To test the above hypothesis, we first mapped the sites on Ana2 phosphorylated by Plk4 in vitro and tested the significance of their modification. Mass spectrometric analysis revealed multiple Plk4 phosphorylation sites of which four serine residues (S318, S365, S370, and S373) (Figures 1B and 1C, arrows, Figure S1G) stood out because their total spectral counts (times a particular phospho-peptide was detected) were much higher than any others.
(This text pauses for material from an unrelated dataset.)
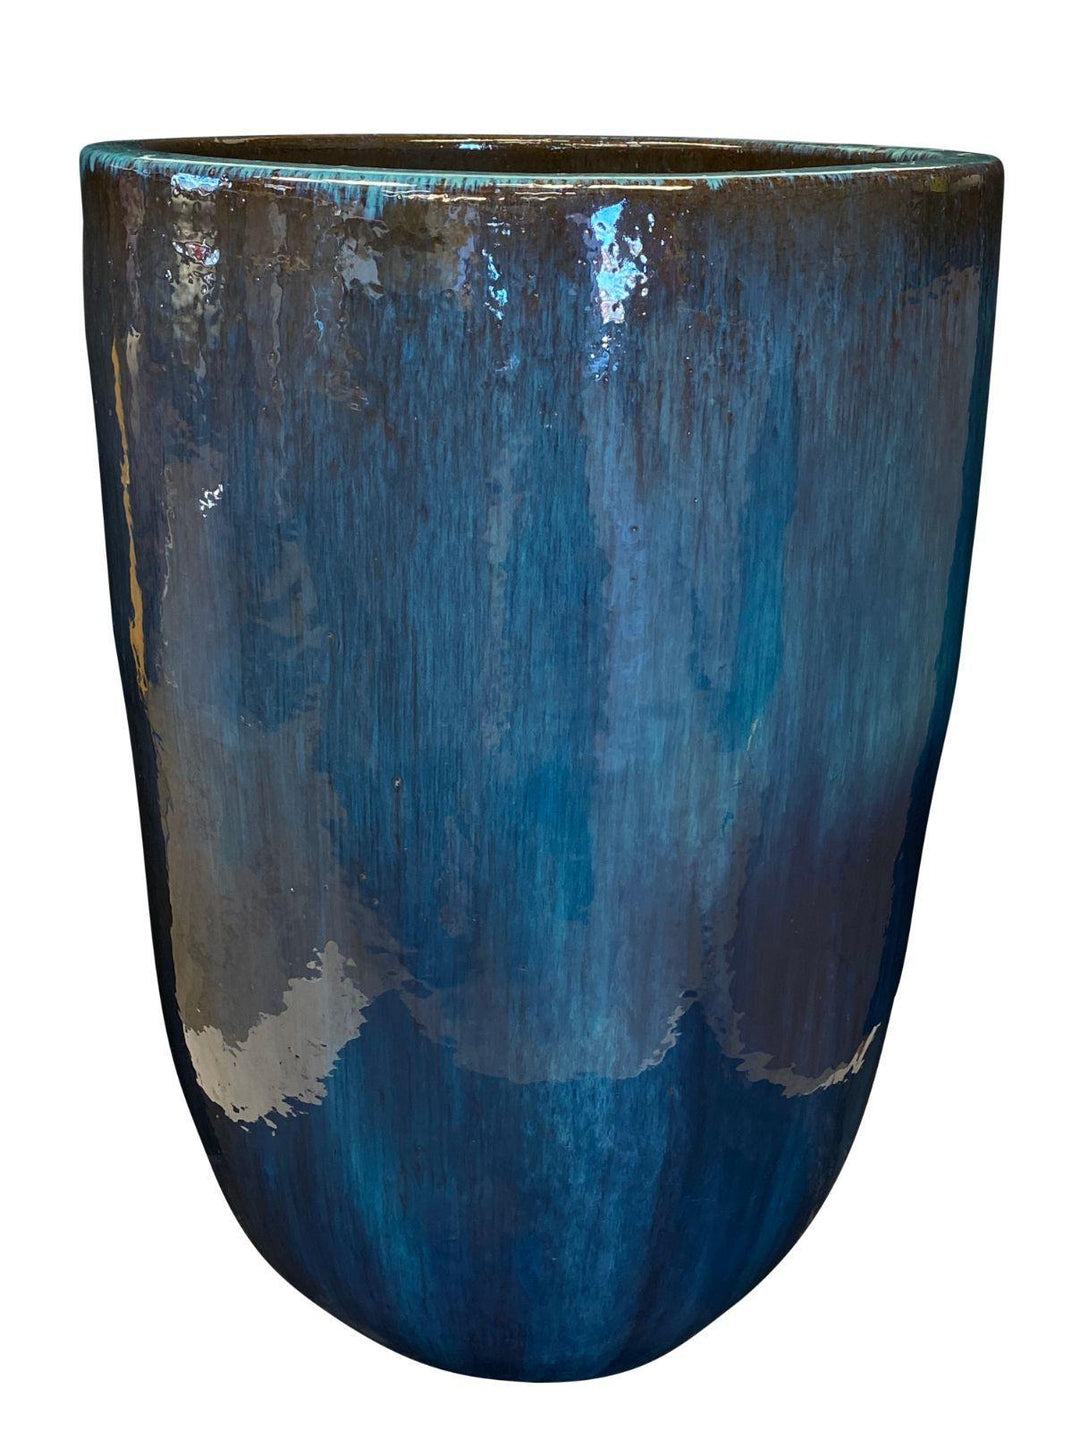 Image of a blue modern cylinder planter.

Moreover, they seemed to be the only Plk4 sites in the C-terminal part of Ana2 as their mutation to alanine prevented phosphorylation by Plk4 in vitro (Figures 1D and S1F). Their functional importance was also suggested by their conservation within the STAN motif that characterizes Ana2 orthologs (Figure 1C) and the finding that phosphorylation of the same sites could be detected in vivo (see Figure S1G and legend). To test their biological significance, we asked whether Ana2 with alanine substitutions at these sites (Ana2-4A) would permit centriole duplication. For this purpose we first established two D.Mel-2 cell lines, stably expressing untagged versions of either wild-type Ana2 (Ana2-WT) or Ana2-4A that each lacked the UTRs of the endogenous gene. We then depleted endogenous Ana2 from these lines using dsRNA against its UTRs. Three 4-day treatments of control D.Mel-2 cells with ds ana2-UTR RNA led to complete loss of centrioles from 68% of cells (data not shown). By contrast, depletion of endogenous Ana2 from the line expressing the Ana2-WT transgene had no significant effect upon centriole number, indicating that it can fully substitute for the endogenous protein. However, expression of transgenic Ana2-4A not only failed to rescue endogenous Ana2 depletion, but also had a significant dominant-negative effect, an increased proportion of cells lacking centrioles following control-RNAi (Figures 1E and 1F). Together this demonstrates the functional importance of these four conserved serines in the STAN motif of Ana2 for centriole duplication.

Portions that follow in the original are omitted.